Published in Environmental Science and Pollution Research, the study describes a new analytical method developed at CHEEC capable of simultaneously measuring 21 neonicotinoids and their metabolites in human urine — one of the most comprehensive panels reported to date. The method includes seven key metabolites and transformation products not measured in prior biomonitoring studies, including breakdown products of clothianidin, imidacloprid, and thiamethoxam. It was designed as a companion to a previously published environmental water method, enabling researchers to directly link environmental contamination to human exposure.
Key Findings
- Neonicotinoids were detected in 99% of pregnant women (n=246) and 100% of farmers (n=47) tested in eastern Iowa, with 18 different compounds identified across both populations.

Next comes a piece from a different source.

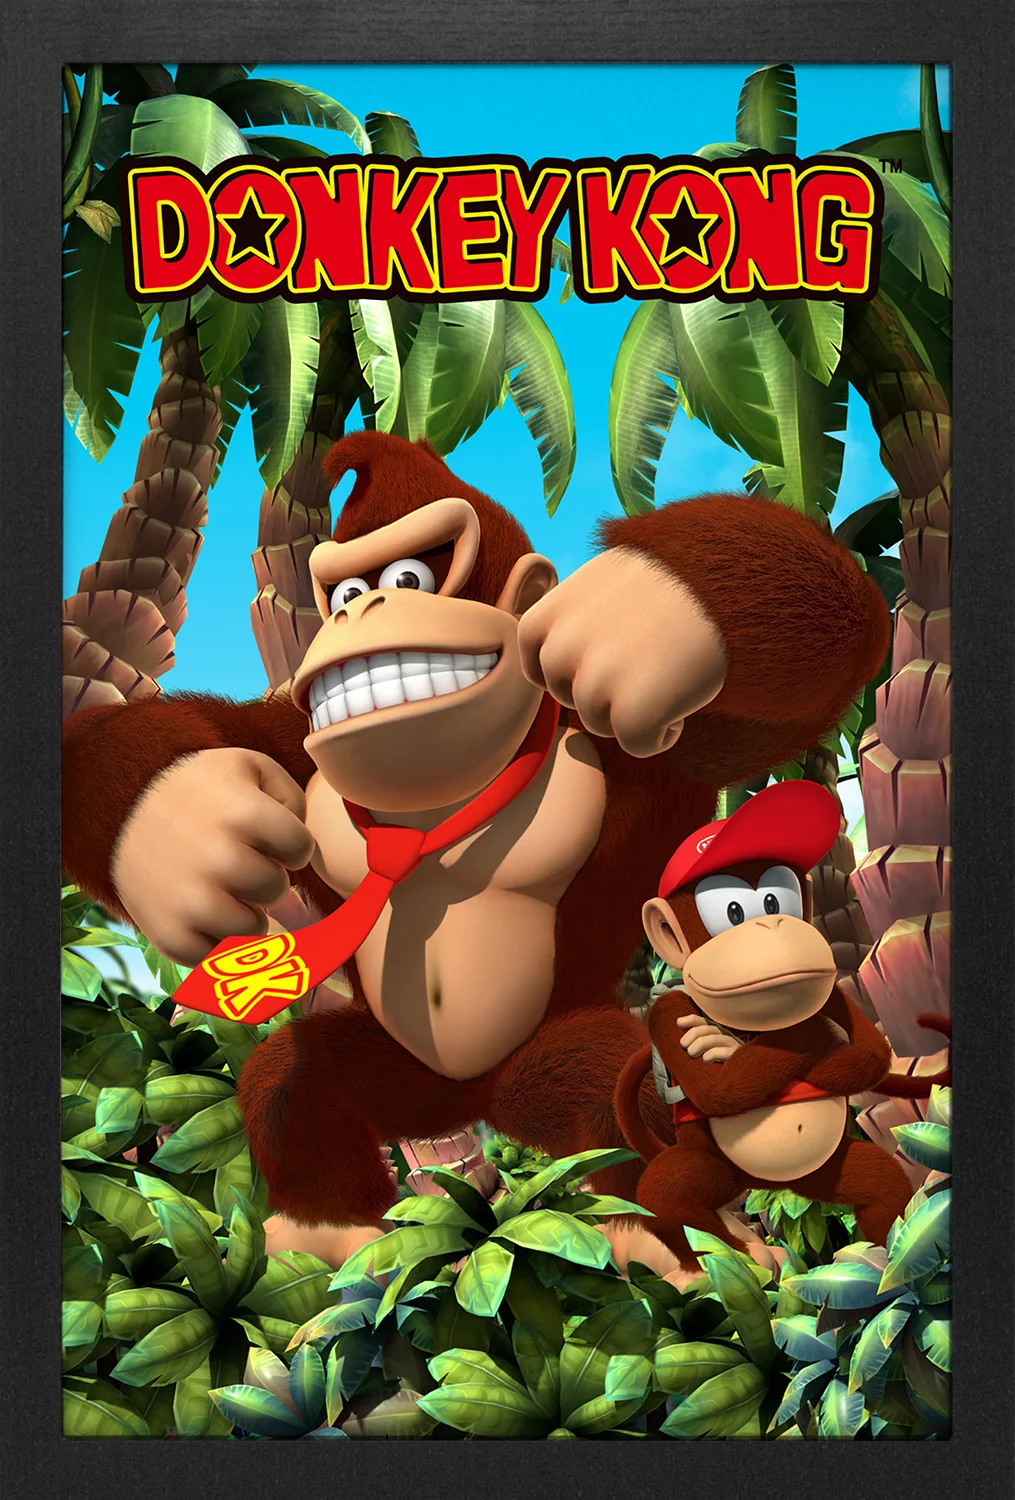 Donkey Kong & Diddy Kong (11"x17" Gel-Coat) (Order in multiples of 6, mix and match styles)

- Imidacloprid metabolites were stronger predictors of total neonicotinoid body burden than parent compounds alone (rs = 0.735 vs < 0.6 for parents), indicating that parent-only monitoring substantially underestimates true exposure.
- Some metabolites were found at higher concentrations in pregnant women than in farmers, despite farmers having greater overall exposure — suggesting that exposure pathways and metabolic processing differ between the two groups.
- Total neonicotinoid concentrations in pregnant women showed a significant increasing trend from 2010 to 2025, driven by a growing number and diversity of compounds detected rather than higher concentrations of any single pesticide.
- The median number of neonicotinoids detected per sample rose from 4.5 in 2010–2011 to 6 in 2024–2025.
Why Metabolites Matter
Most existing biomonitoring methods focus on parent neonicotinoid compounds and exclude metabolites — the breakdown products created as the body processes these chemicals. However, some neonicotinoid metabolites have stronger binding affinity for mammalian receptors and may exhibit greater toxicity than their parent compounds. This study found that imidacloprid metabolites, including imidacloprid-olefin and 5-hydroxy-imidacloprid, were more strongly correlated with total neonicotinoid burden than any parent compound measured. This means that biomonitoring programs relying solely on parent compounds are missing a significant portion of the exposure picture — a gap that is particularly important for vulnerable populations such as pregnant women.
Exposure Trends Over 15 Years
Using anonymized samples from 246 pregnant women collected through the University of Iowa Perinatal Family Tissue Bank between 2010 and 2025, the study documented a statistically significant upward trend in total neonicotinoid concentrations. Median concentrations approximately tripled over the study period. Notably, this increase was not driven by the dominant compounds — imidacloprid and clothianidin levels remained relatively stable — but rather by rising contributions from thiamethoxam, acetamiprid-N-desmethyl, flupyradifurone, and sulfoxaflor, along with an increasing number of compounds detected per sample.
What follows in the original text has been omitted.